Axes: velocity (y-axis) vs time (x-axis) [1]
Curve starting at origin (v = 0 at t = 0) [1]
Initial steep gradient (acceleration ≈ g initially when drag is small) [1]
Gradient decreasing as velocity increases (drag increases, net force decreases)
Curve approaching horizontal asymptote at v = 0.40 m s⁻¹ (terminal velocity) [1] Explanation: Initially, drag is negligible so acceleration is large. As speed increases, drag increases, reducing net force and acceleration. Eventually drag equals weight, net force is zero, and velocity becomes constant.

[Total: 12 marks]

(a) Vertical height risen: h = L − L cos θ = L(1 − cos θ) [1] h = 1.20(1 − cos 35°) = 1.20(1 − 0.8192) = 1.20 × 0.1808 = 0.217 m [1]

(b) By conservation of energy: Loss in GPE = Gain in KE mgh = ½mv² [1] v = √(2gh) = √(2 × 9.81 × 0.217) = √4.258 = 2.06 m s⁻¹ [1]

(c) At lowest point: T − mg = mv²/r (centripetal force provided by net force towards centre) [1] T = mg + mv²/r = 0.200 × 9.81 + 0.200 × (2.06)² / 1.20 = 1.962 + 0.200 × 4.244 / 1.20 = 1.962 + 0.707 = 2.67 N [1]

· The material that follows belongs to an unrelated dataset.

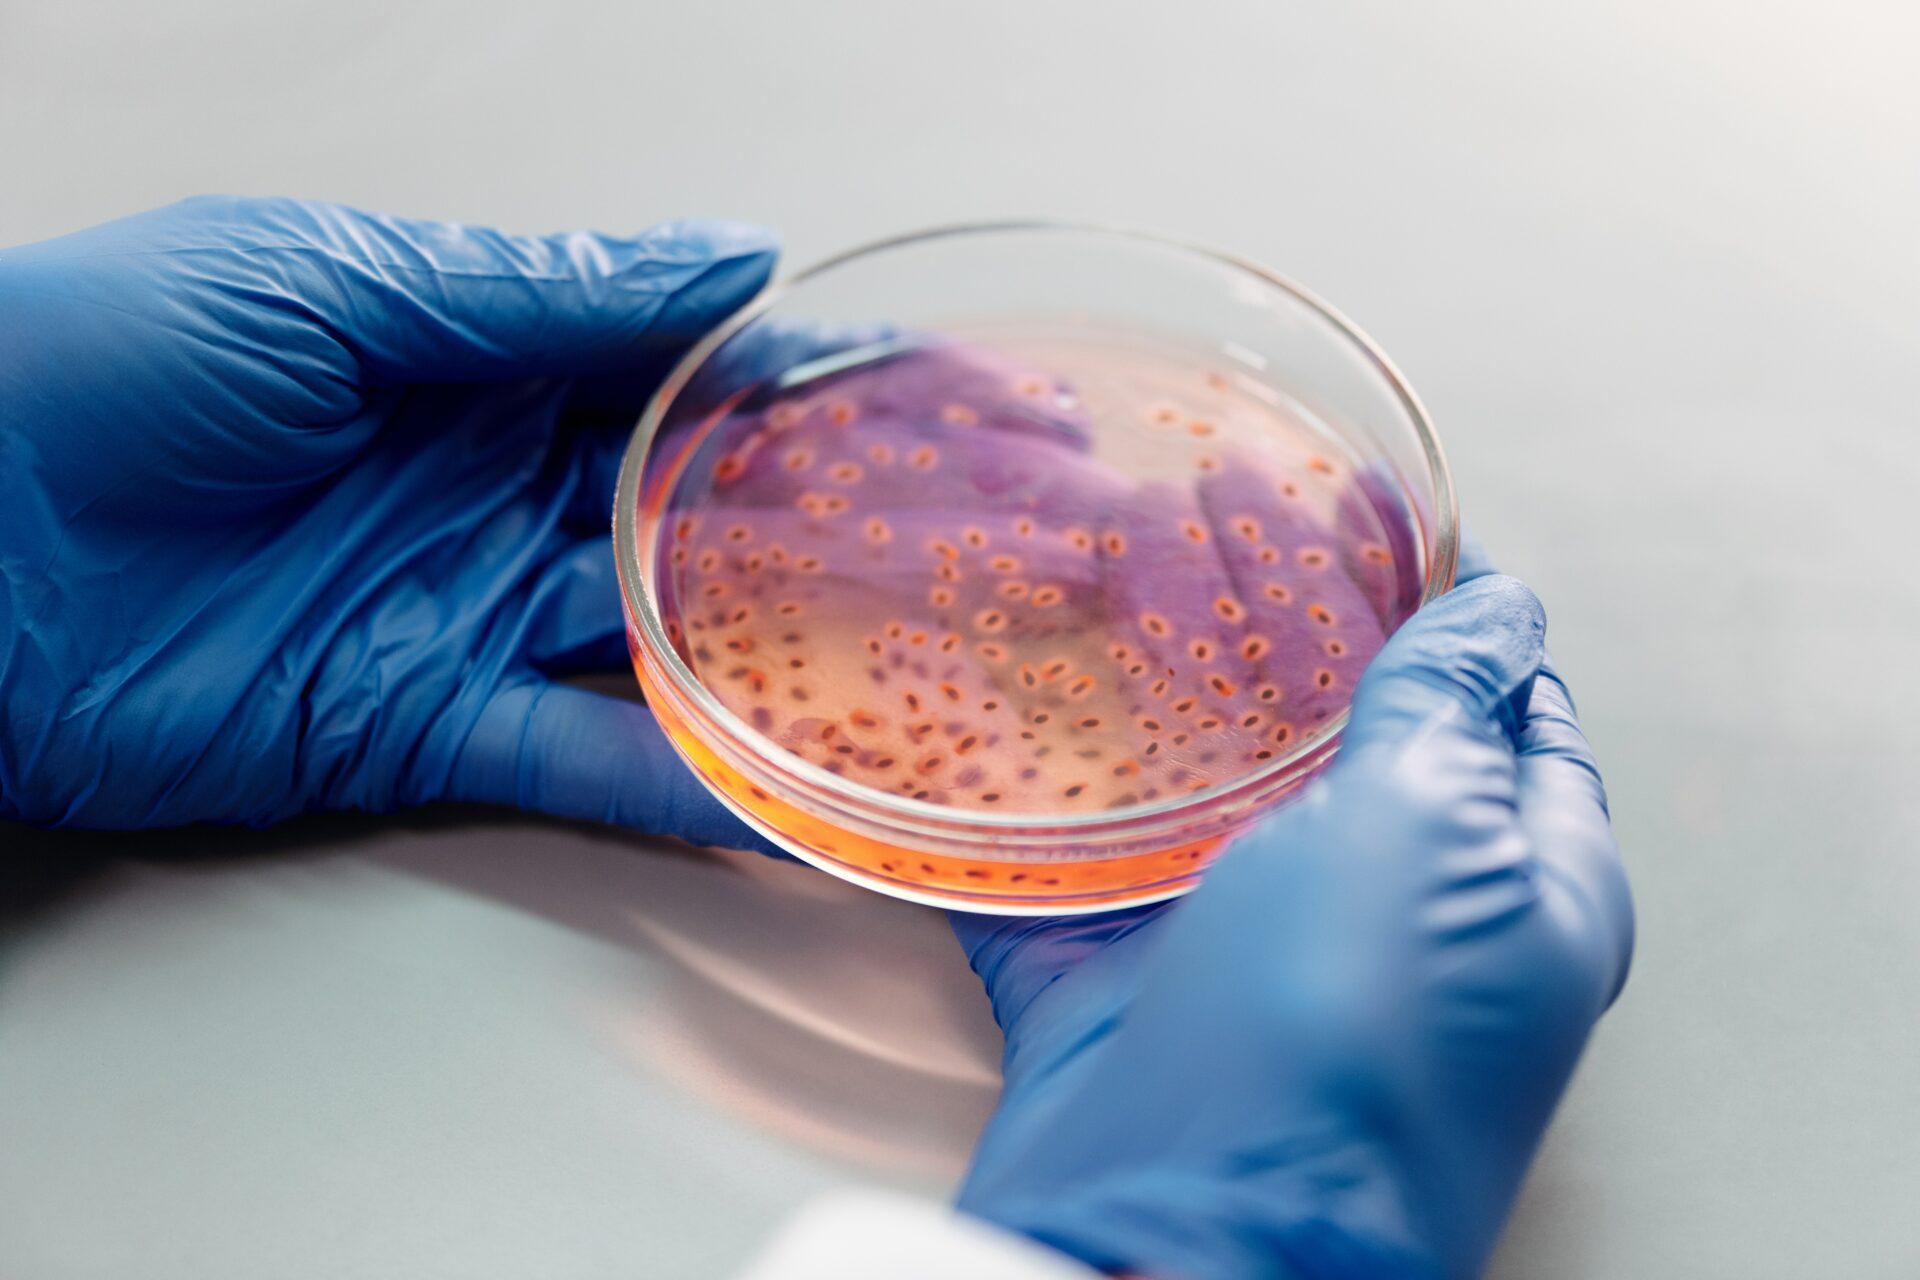 Iceland biotech companies

(d) At the lowest point, the sphere is moving in a circular arc, so there must be a resultant centripetal force directed towards the centre of the circle. [1] The tension must provide both the centripetal force (mv²/r) and balance the weight (mg). Therefore, T = mg + mv²/r, which is greater than mg alone. [1]

[Total: 8 marks]

END OF ANSWER KEY

Marking Notes:

Award marks for correct method even if final answer has arithmetic error (error carried forward where appropriate).
Deduct 1 mark for missing or incorrect units only once per question unless otherwise specified.
Accept alternative correct methods and equivalent numerical answers within reasonable rounding.
For graph questions, award marks for correct shape, key features, and labelled axes.